In a city of today, it is common to witness floating cars, pods and other vehicles gliding smoothly through the air. These float over a cushion of magnetism and are powered by wireless energy transmitted from pads embedded in the ground. Outside a building, you might come across the surreal sight of a parked vehicle, hanging stationary in the air. Even the building itself may incorporate structures, signs or architectural elements that appear to have nothing below them.

These hovering vehicles have a number of advantages over traditional wheeled transport. By adjusting their altitude when near pedestrians, they can simply drift above them – eliminating the possibility of accidents. This also reduces the incidence of roadkill, which had been responsible for millions of animal deaths per day during the 20th and 21st centuries. The lack of surface contact also eliminates the problem of tyre wear and therefore reduces both air and microplastic pollution produced from vehicles.

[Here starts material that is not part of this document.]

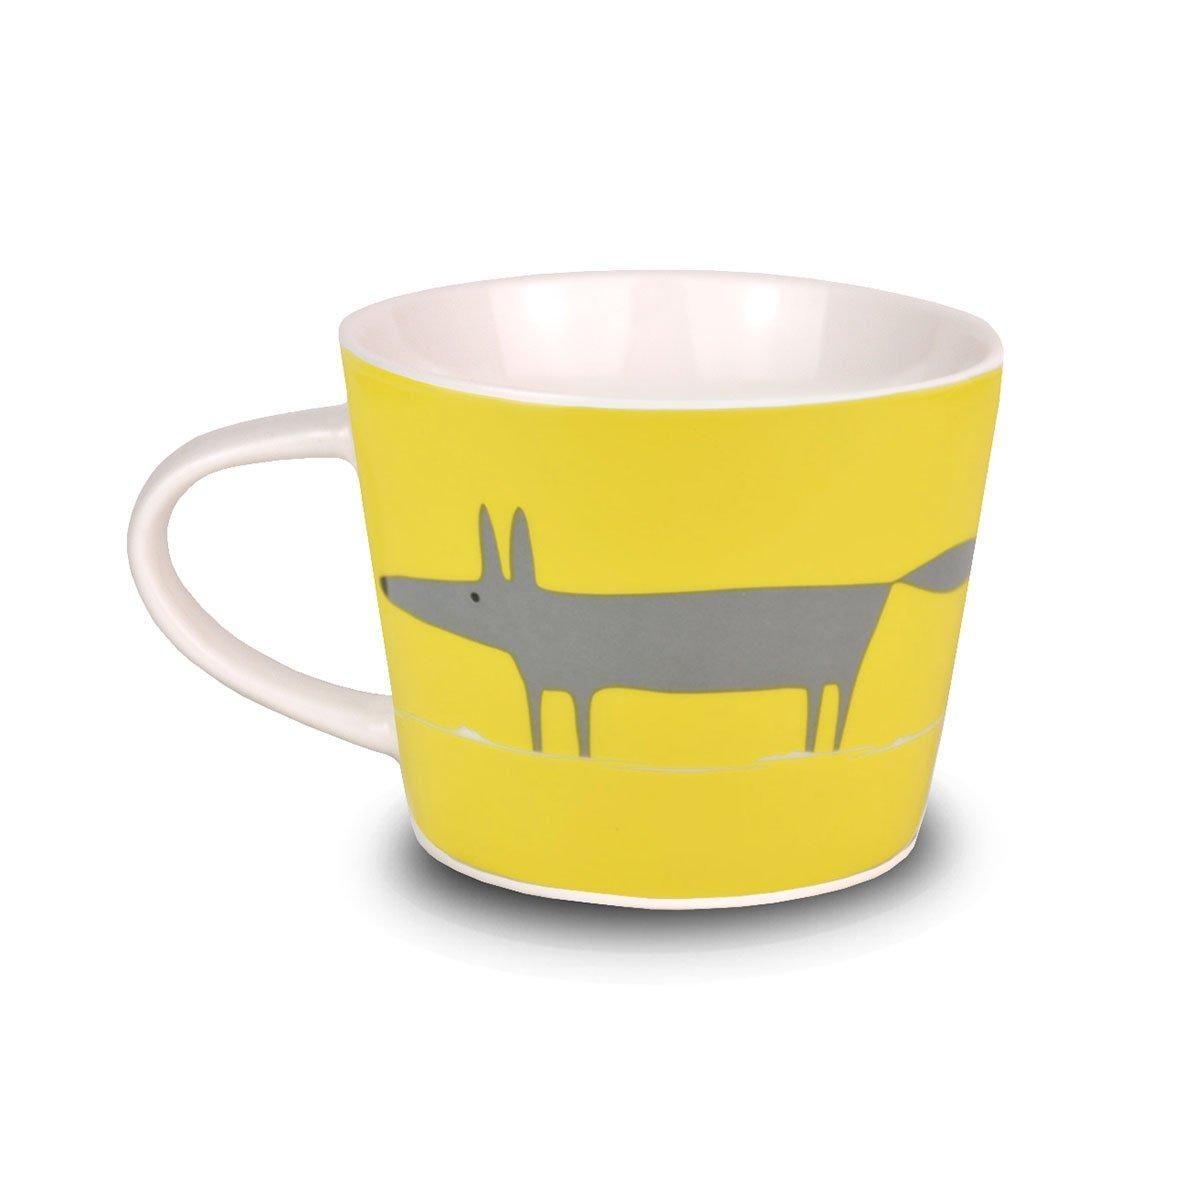  Mugs And Cups SC-0099 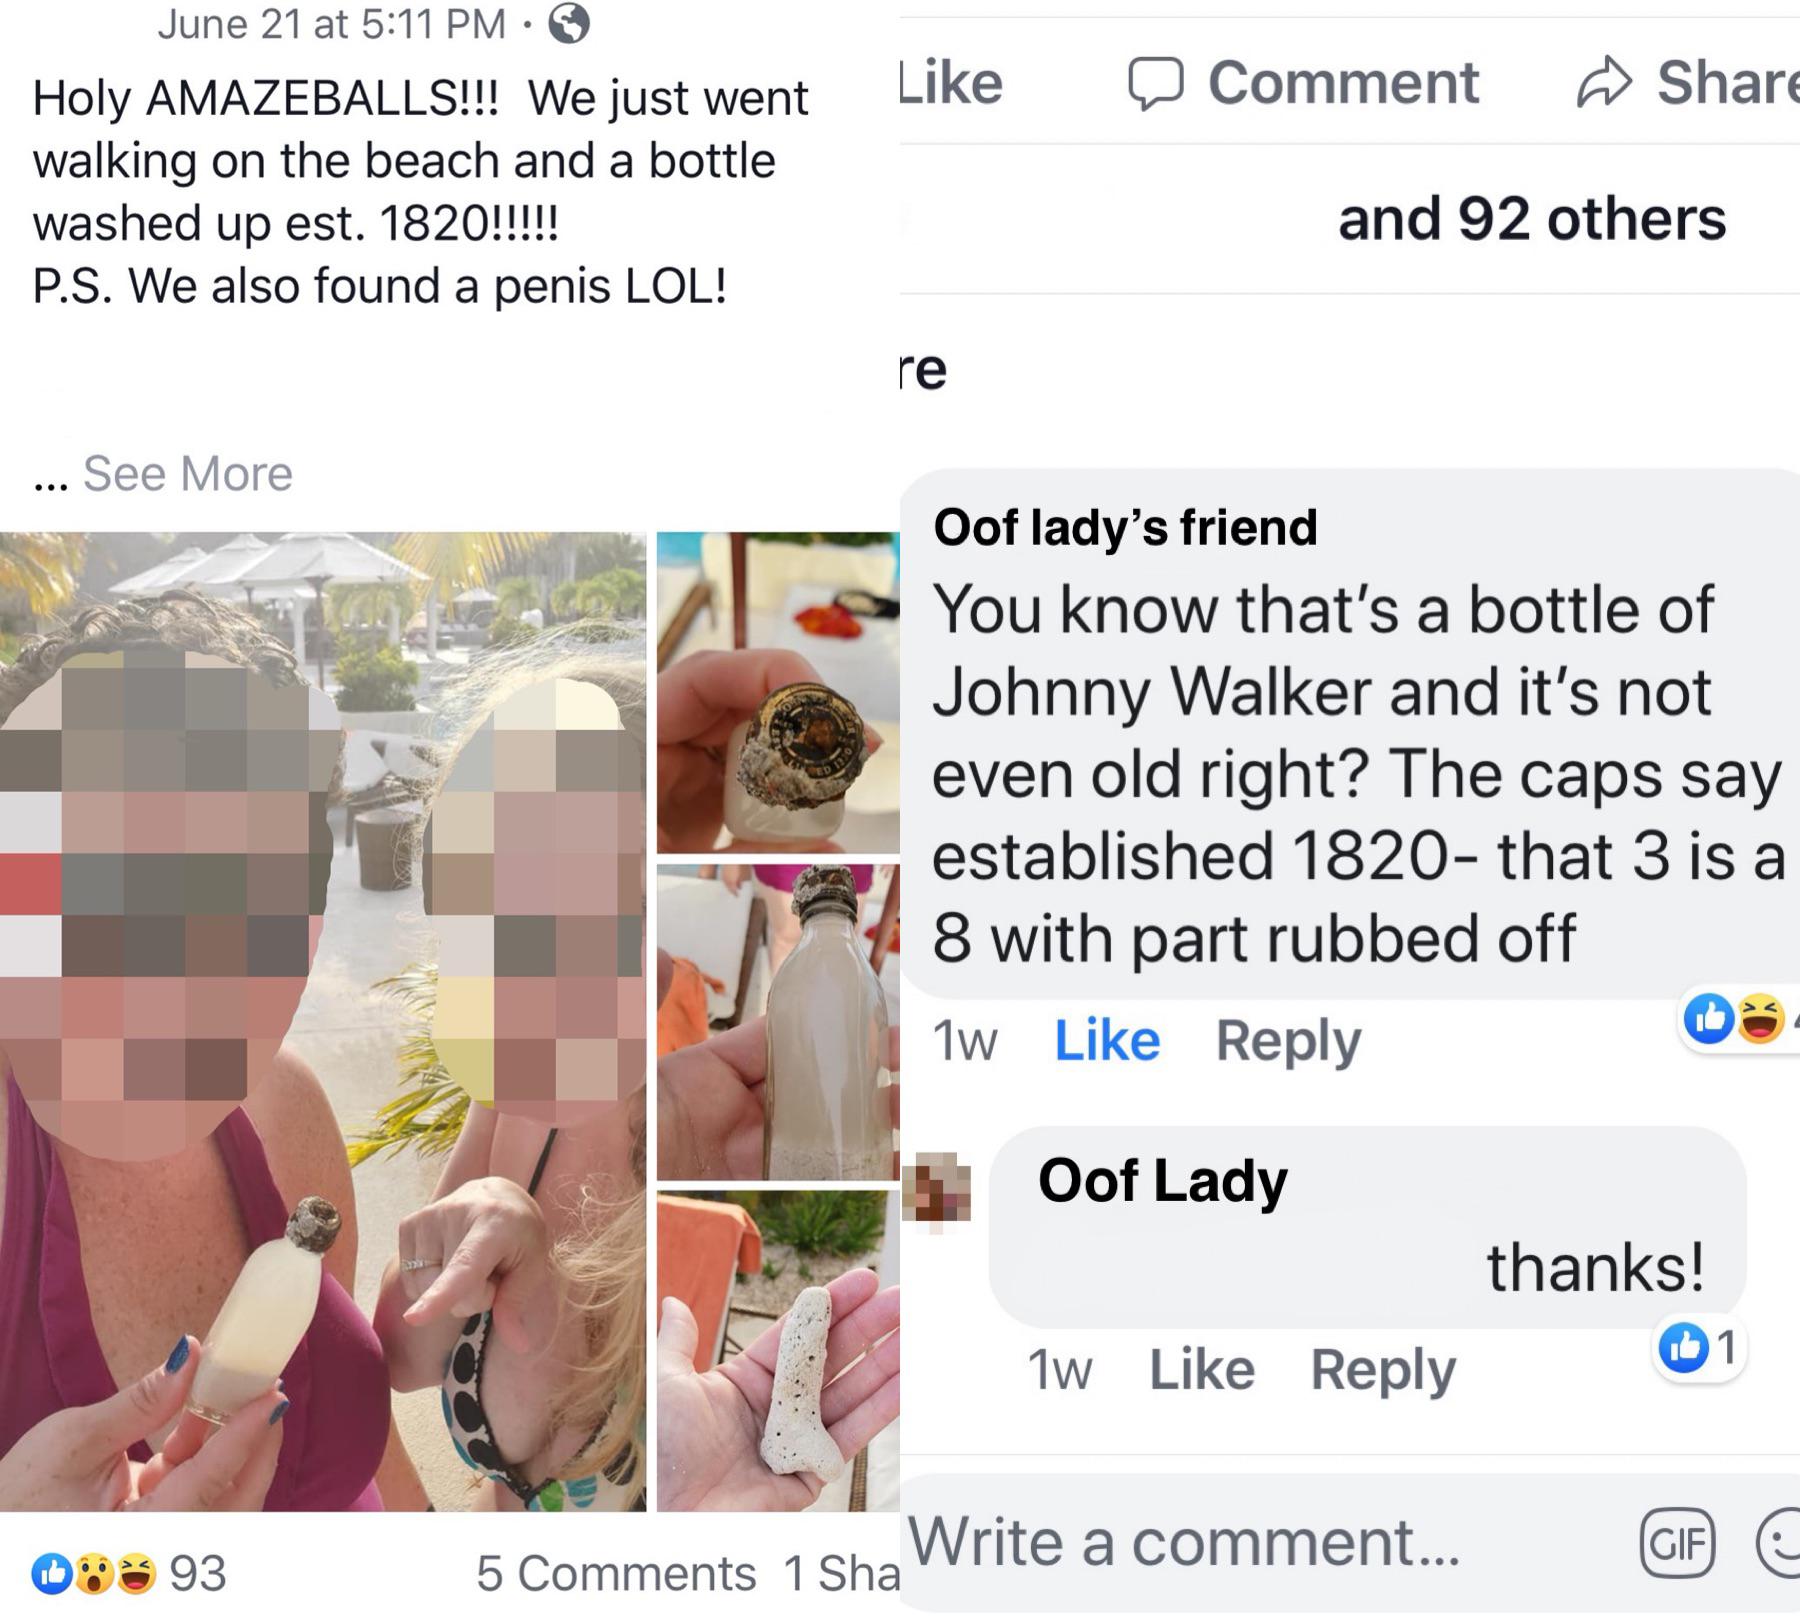 child - a Comment June 21 at Holy Amazeballs!!! We just went walking on the beach and a bottle washed up est. 1820!!!!! P.S. We also found a penis Lol! and 92 others ... See More Oof lady's friend You know that's a bottle of Johnny Walker and it's not eve

Although wheels are still common in transport, they are rapidly being supplanted by superconducting technology, as these benefits are increasingly recognised by city authorities and the required infrastructure is expanded. Some of the wealthier and more hi-tech districts have already upgraded their entire road networks to cater for levitating vehicles. As more and more routes become available, being able to travel in three dimensions rather than two enables faster journey times. Combined with AI for traffic management, congestion is virtually eliminated. Abundant energy is available for these autonomous flying vehicles, with 100% of the world’s electricity now supplied by ultra-efficient clean tech, and multiple redundances are built in to ensure they stay aloft.

Room-temperature superconductors are transforming numerous other areas. Lossless power transmission is now possible, for example – making obsolete the traditional infrastructure for converting low and high voltage AC and enabling perfect transmission over huge distances. Energy storage is being revolutionised too as battery degradation is no longer a problem, with superconducting wires instead capturing and storing electricity indefinitely. Computers, tablets and other electronics can be made to run cooler, more efficiently, and with far less energy consumption.

Other developments include super-powerful and ultra-compact motors, along with machines that once required entire buildings or rooms to operate being viable on much smaller scales. Compact nuclear fusion is now emerging, for example, which is especially useful in space travel. Large-scale science facilities such as particle accelerators now need less energy and capital costs, while high-end medical imaging is more efficient and available in smaller form factors.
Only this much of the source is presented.